Wheels For Wishes
- Formation: 2009; 17 years ago
- Founder: Bill Bigley Randy Heiligman
- Legal status: 501(c)(3) organization
- Purpose: Car donation
- Headquarters: St. Louis Park, Minnesota
- Website: https://wheelsforwishes.org/

= Wheels For Wishes =

US non-profit organization

The Car Donation Foundation, doing business as Wheels For Wishes, is a nonprofit car donation organization based in St. Louis Park, Minnesota. The organization donates its proceeds to charitable organizations including the Make-A-Wish Foundation, Vehicles For Veterans, and Animal Car Donation.

== Overview ==
Wheels for Wishes is the trade name of Car Donation Foundation, a 501(c)(3) nonprofit organization that financially supports charitable organizations through motor vehicle donations. It accepts donations of cars, boats, motorcycles, RVs and other vehicles. Proceeds from the sale of vehicles are donated to nonprofit organizations including the Make-A-Wish Foundation, Vehicles For Veterans, which benefits veterans living with disabilities and homeless veterans, and Animal Car Donation, which benefits animal rescues.

==History==
Wheels For Wishes was founded in 2009 by Bill Bigley and Randy Heiligman. It is headquartered in St. Louis Park, Minnesota. As of 2015, it was the largest auto donation charity in the United States.

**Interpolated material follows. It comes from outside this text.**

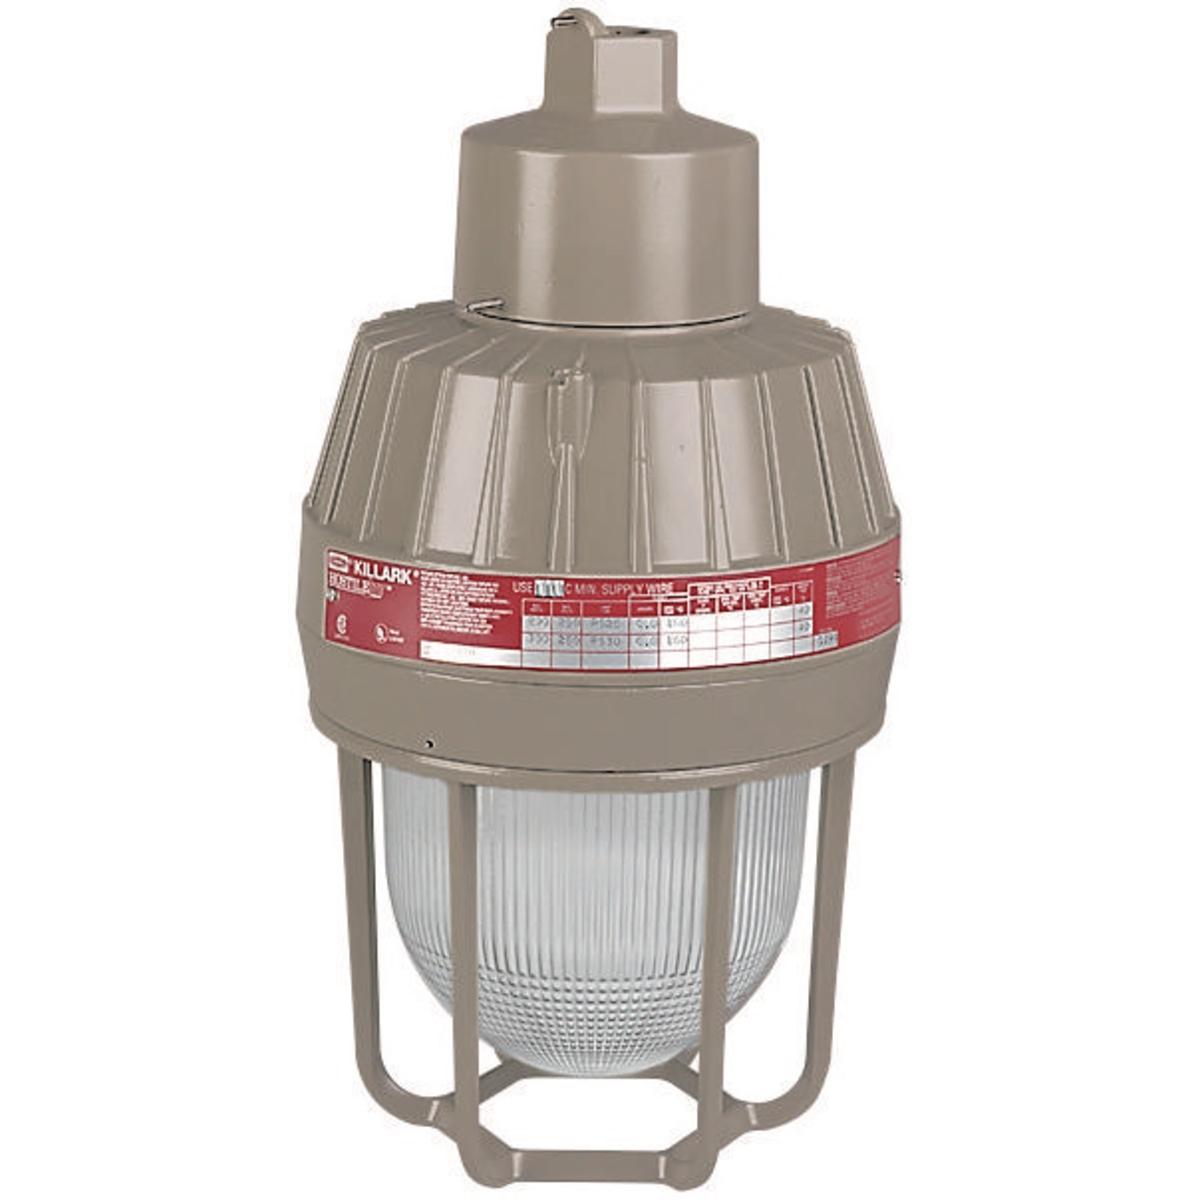 Hubbell EMS105B2GDAT SU103 HID 100W 480V HPS - 3/4" Wall Mount with Dual Arc Lamp - Assembled with Lamp  ; Four light sources—Incandescent, compact fluorescent, high pressure sodium and metal halide ; Mounting choice—Pendant, ceiling, 25˚ stanchion or 90˚ wall mount, all with “wire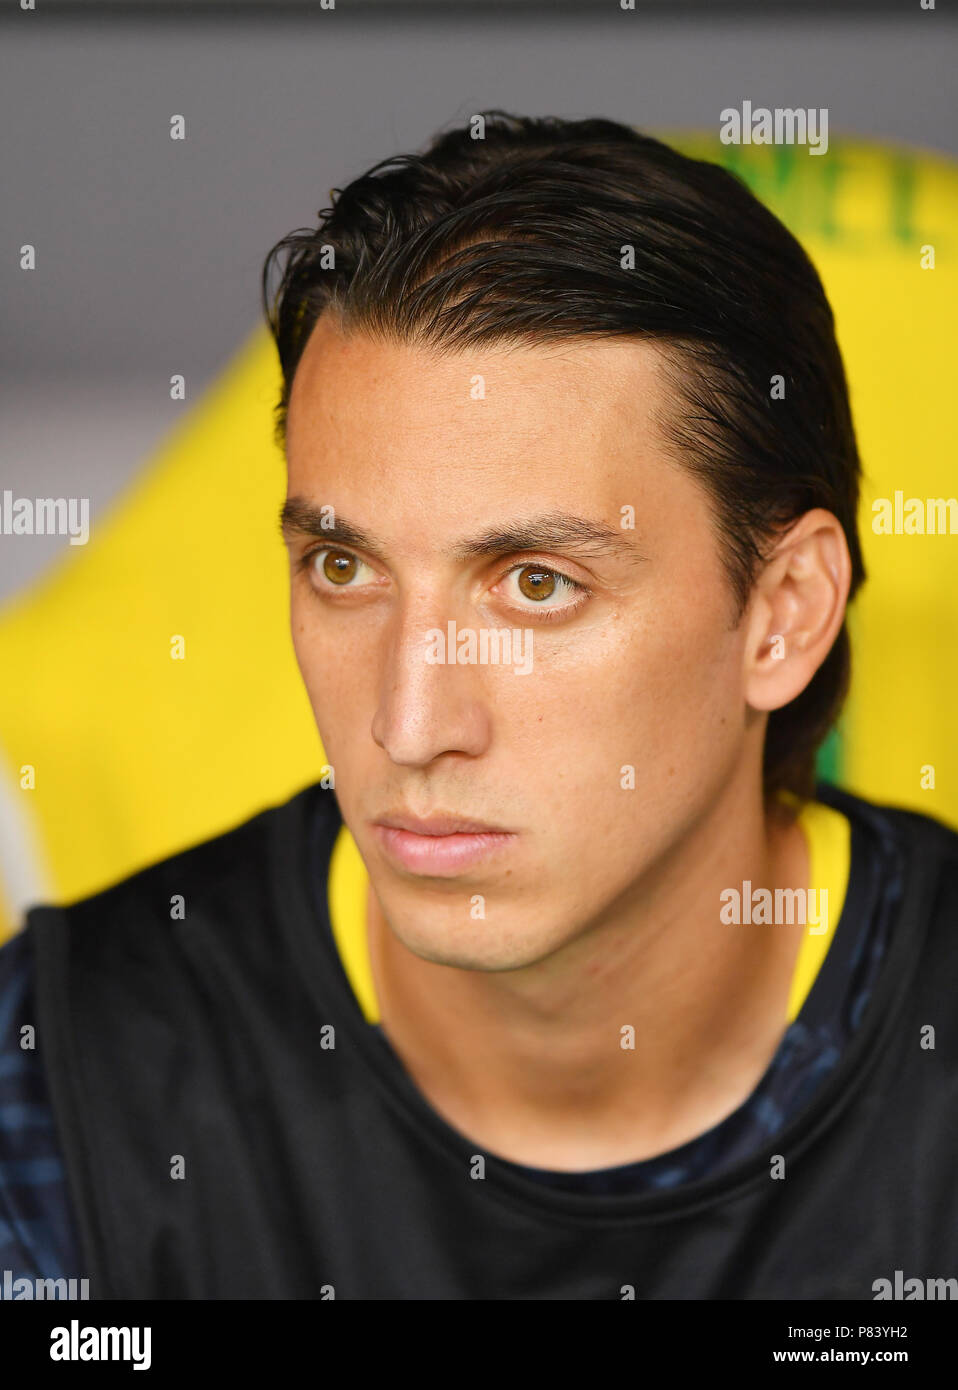 SAMARA, RUSSIA - JULY 02: Pedro Geromel of Brazil during the 2018 FIFA World Cup Russia Round of 16 match between Brazil and Mexico at Samara Arena on July 2, 2018 in Samara, Russia. (Photo by Lukasz Laskowski/PressFocus/MB Media) Stock Photo

A 2014 report published by the Office of the Minnesota Attorney General found that 20% of the organization's proceeds were donated to its partner Make-A-Wish chapters and 30% was spent on advertising. After the initial report, the organization was criticized for misleading advertising, and the Minnesota and Connecticut chapters of Make-a-Wish Foundation ended their relationship with Wheels for Wishes. They subsequently renewed their contracts with Wheels For Wishes. A 2017 article in The Orange County Register reported that 51% of proceeds went to charity. The remaining proceeds are spent on administrative costs including advertising, towing, and auction house fees.

As of 2024, it had donated $114 million to Make-A-Wish, accounting for 13,672 wishes.

In 2024, the organization partnered with the rock band Green Day to raise money through a sweepstakes that awarded the 1968 Mercury Monterey convertible featured in the music videos for "Boulevard of Broken Dreams" and "Holiday".